Addleshaw Booth & Co
- Headquarters: Manchester, United Kingdom
- Major practice areas: General practice
- Date founded: 1997
- Company type: Partnership
- Dissolved: 1 May 2003

= Addleshaw Booth & Co =

English law firm

Addleshaw Booth & Co was an English law firm which merged with Theodore Goddard in May 2003 to form Addleshaw Goddard.

==History==
Addleshaw Booth & Co traces its roots back to the very first public record of solicitors in the UK – the Law List – published in 1775.

Nicholas Smith founds the firm in 1775, and Samuel Lister Booth is admitted as a solicitor in 1823. The successors of these practices combined over the years to become Booth, Clough & Booth in 1869. Further amalgamations lead to the firm becoming Booth & Co based in Leeds. in c.1936. John William Addleshaw begins legal practice in 1857 and enters partnership with William Warburton in 1873. The firm becomes Addleshaw & Sons in 1904, and then Addleshaw Sons & Latham in 1917 based in Manchester.

Addleshaw Booth & Co was formed in 1997 by a merger between the Leeds-based Booth & Co. and the Manchester-based Addleshaw Sons & Latham. Addleshaw Booth was a 'heavyweight' in the North of England legal sector, with offices in Leeds and Manchester. Its local standing, amongst other things, led to the firm's high-profile appointment as the official lawyers to the 2002 Commonwealth Games.

Addleshaw Booth was the employer of Sally Clark (and also her husband), the solicitor wrongly convicted of murdering her two sons in 1999.

It was a member of the Norton Rose M5 alliance, which disbanded in 1998.
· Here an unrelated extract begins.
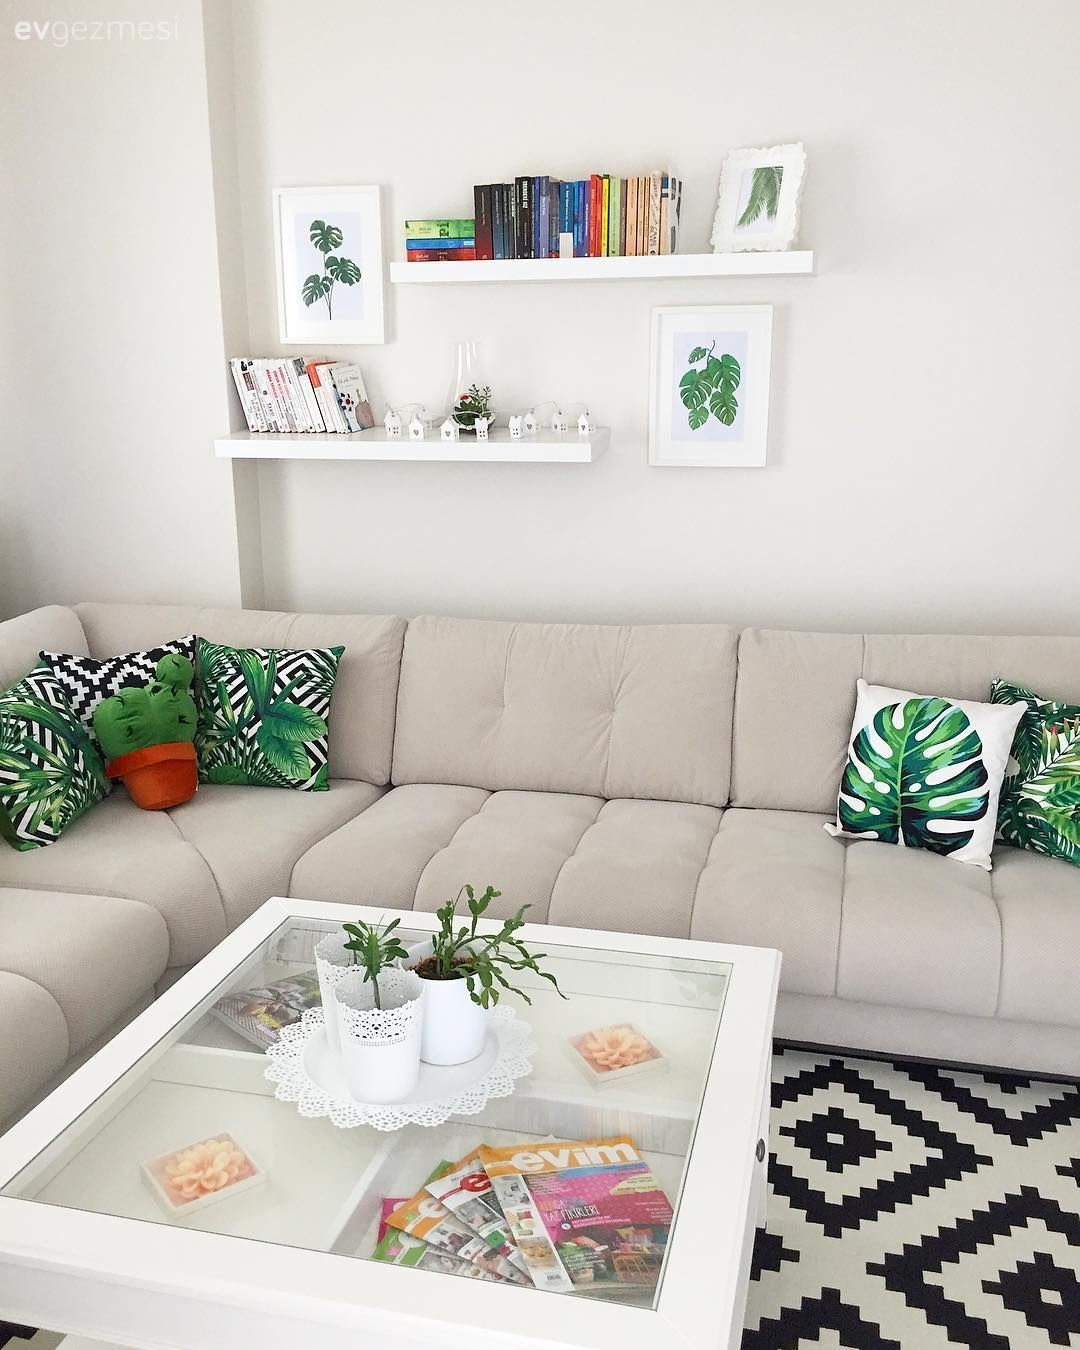 Bu Dubleks Evde Estetik Kadar Kullanislilik Da On Planda 10 Ev Gezmesi Oturma Odasi Dekorasyonu Oturma Odasi Fikirleri Oturma Odasi Tasarimlari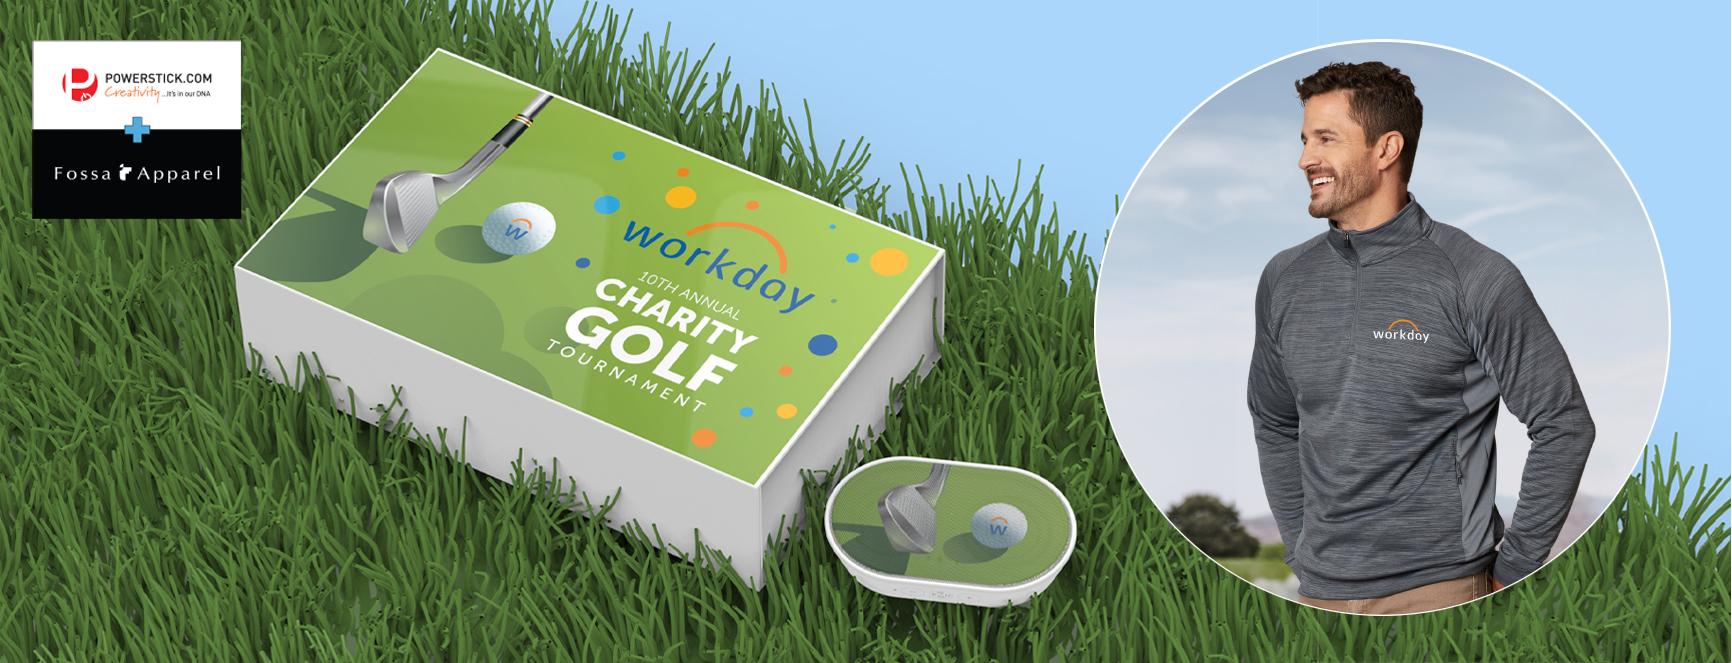 PowerStick_Foss_Golf_kit

However, the firm's small office in London, and its failure to garner City-based clients, led to the tie-up with Theodore Goddard in the spring of 2003 to become Addleshaw Goddard. Seen by many commentators in the legal sector as a takeover, the majority of the management board of the new firm were made up of Addleshaw Booth & Co's partners.